Krishna Rao was instrumental in initiating the distribution of barren lands to the impoverished in Diviseema, a program that resulted in the allocation of 15,000 acres to the poor.

In 1952 he was Minister of Education, Harijan Uplift and Information under Rajaji's second term as Chief Minister of Madras. He held this post till the formation of Andhra in 1953.

In 1957, Krishna Rao was elected to the Lok Sabha from the Masulipatnam constituency and served until 1962. During his tenure, he worked closely with his mentor, Devabhaktuni Kotiswara Rao, a prominent Congress leader. In 1962 Indian general election he contested from Masulipatnam and was defeted by Mandala Venkata Swamy Naidu.

He later shifted his focus to local politics, serving as the vice-chairman of the Krishna Zilla Parishad from 1963 to 1969 and as president of the Avanigadda Panchayat Samithi in 1970. Krishna Rao was elected unopposed to the Andhra Pradesh Legislative Assembly in 1972 from the Avanigadda constituency and held office until his defeat in 1985 election. He contested again from Avanigadda constituency in 1989 and was defeated.

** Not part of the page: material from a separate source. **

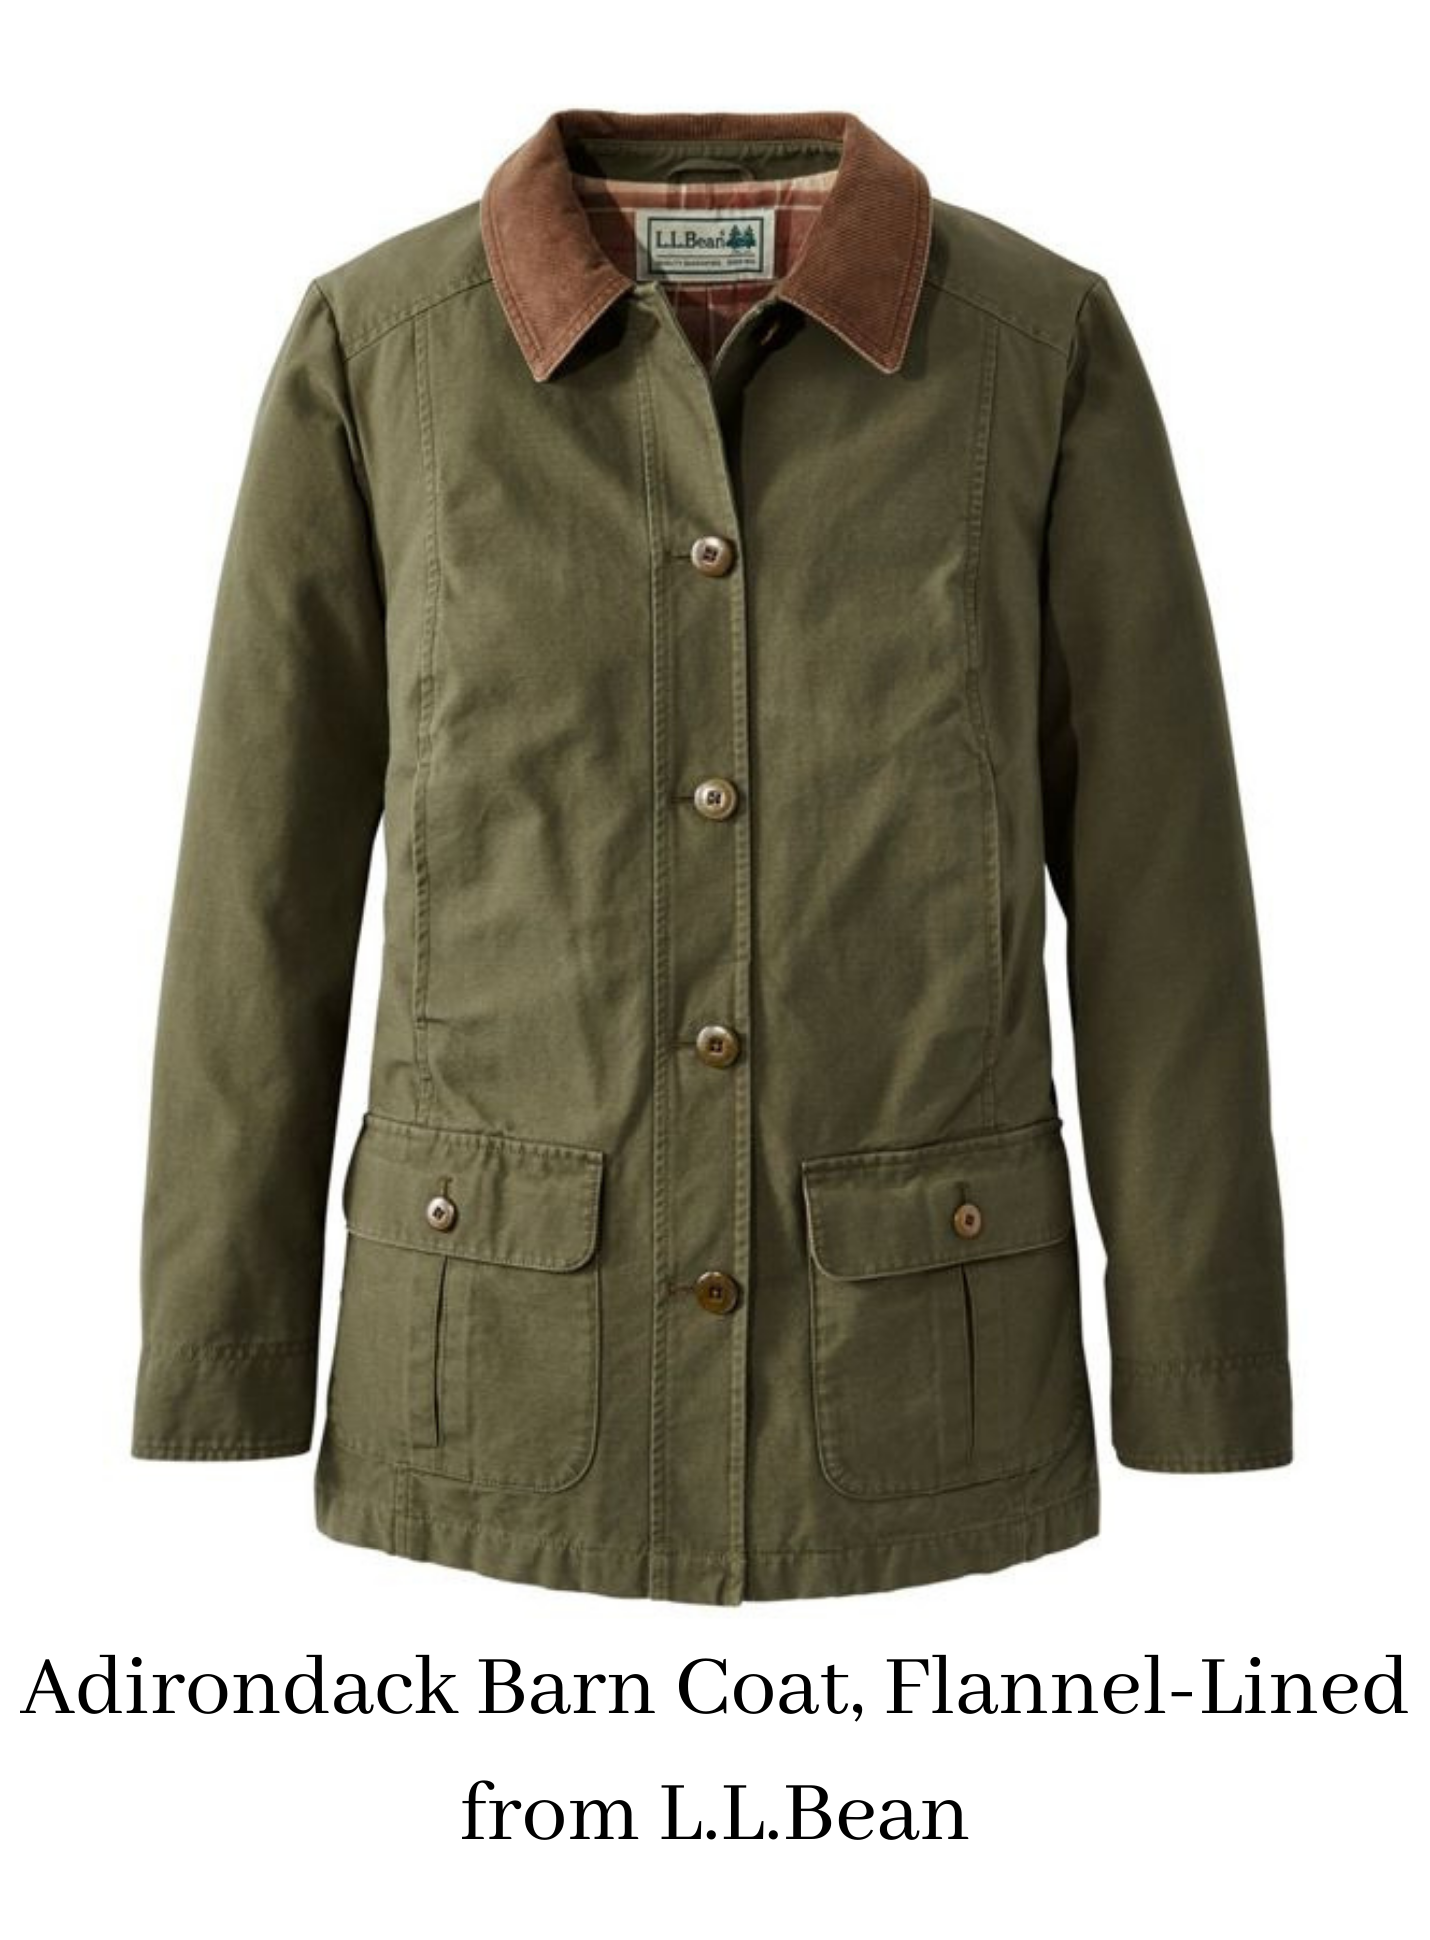 Adirondack Barn Coat, Flannel-Lined from L.L.Bean

==Ministerial roles and key contributions==
Krishna Rao joined the state cabinet under Chief Minister P. V. Narasimha Rao in 1972, holding the portfolio of Social Welfare and Fisheries. He later served as the Minister for Education and Cultural Affairs in Jalagam Vengala Rao's cabinet. During this period, he played a significant role in promoting Telugu language and culture. He was the chief organizer of the first World Telugu Conference in 1975, which aimed to unite Telugu-speaking people globally. In the same year, he was appointed the first president of the International Telugu Centre, which was inaugurated by President Fakhruddin Ali Ahmed.

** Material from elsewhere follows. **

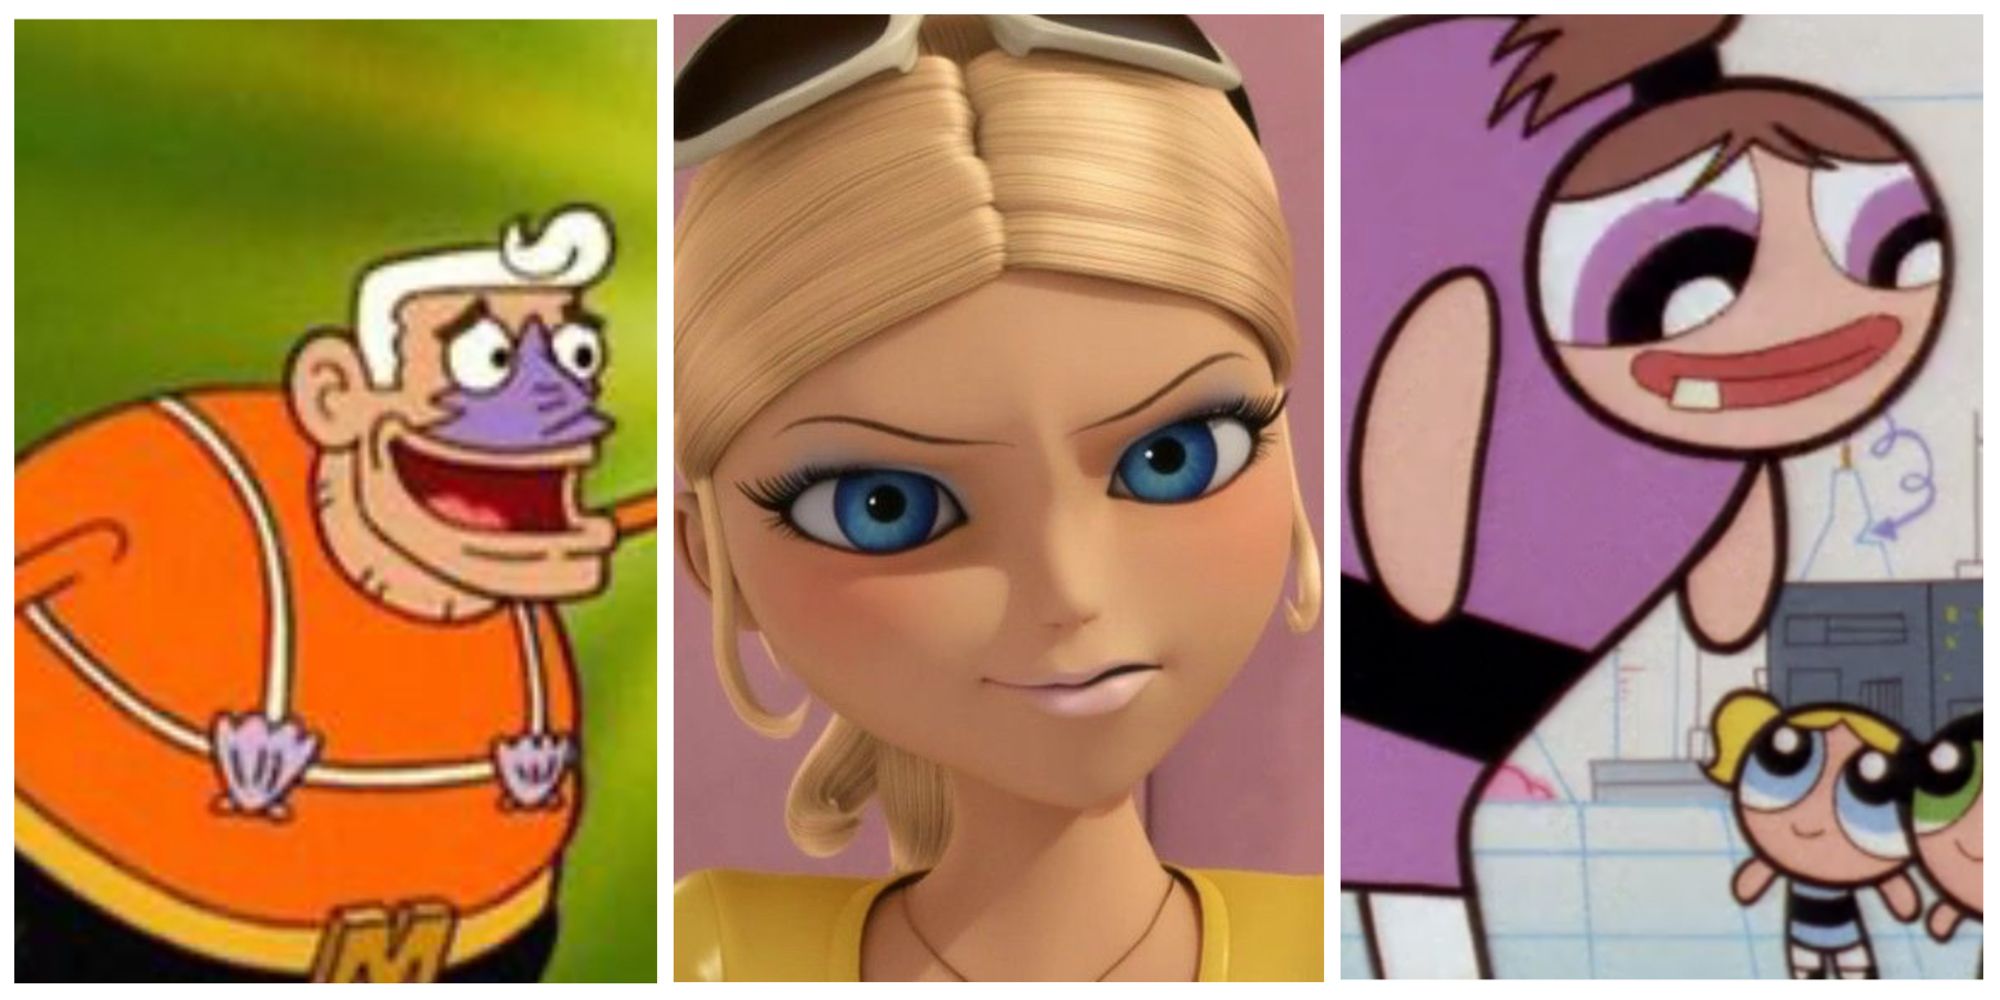 Chloe from Miraculous and Mermaid Man from Spongebob and Bunny from Powerpuff Girls

In recognition of his contributions to education and culture, Krishna Rao led the state's delegation to the World Hindi Conference in 1975 and participated in the 1976 conference in Mauritius. He was also involved in relief efforts following the devastating 1977 Andhra Pradesh cyclone and was honoured with the Prabhakarji Memorial Award for his social work.

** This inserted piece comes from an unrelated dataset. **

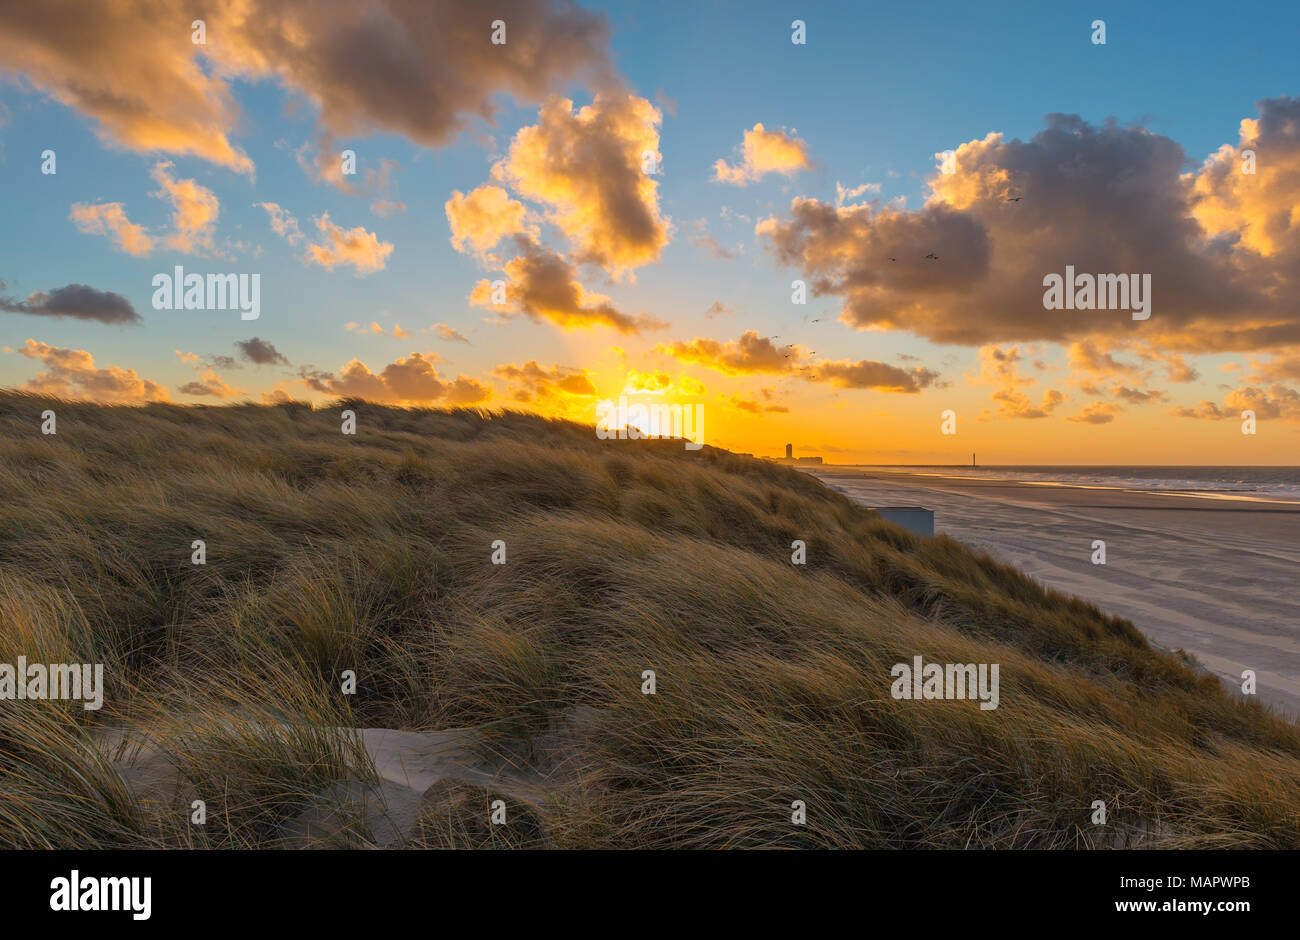 Sunset in the sand dunes of Ostend city with a view over the North Sea and beach with the silhouette of the lighthouse in the background, Belgium. Stock Photo

Rao later served in Kotla Vijaya Bhaskara Reddy's cabinet as Minister for Co-operation in 1982. He received several honours, including the title "Telugu Data" from the Malaysia Andhra Sangham in 1983 and "Telugu Velugu" from the Madras Telugu Cultural Academy in 1985.

==Later years and death==
Mandali Venkata Krishna Rao remained active in public life until his death on 27 September 1997. He continued to promote Telugu culture and language throughout his career.

==Legacy==
Several institutions and landmarks have been named in his honour, including the Mandali Venkata Krishna Rao Bridge over the Krishna River, opened in 2006, and the Mandali Venkata Krishna Rao Fisheries Polytechnic, established in 2007 to support the aquaculture industry. The Mandali Venkata Krishna Rao International Telugu Centre at Potti Sreeramulu Telugu University continues to promote Telugu literature and culture globally.

==Family==
Rao was married to Prabhavathi Devi, and the couple had two sons and two daughters. His son, Mandali Buddha Prasad, is a former minister in Andhra Pradesh.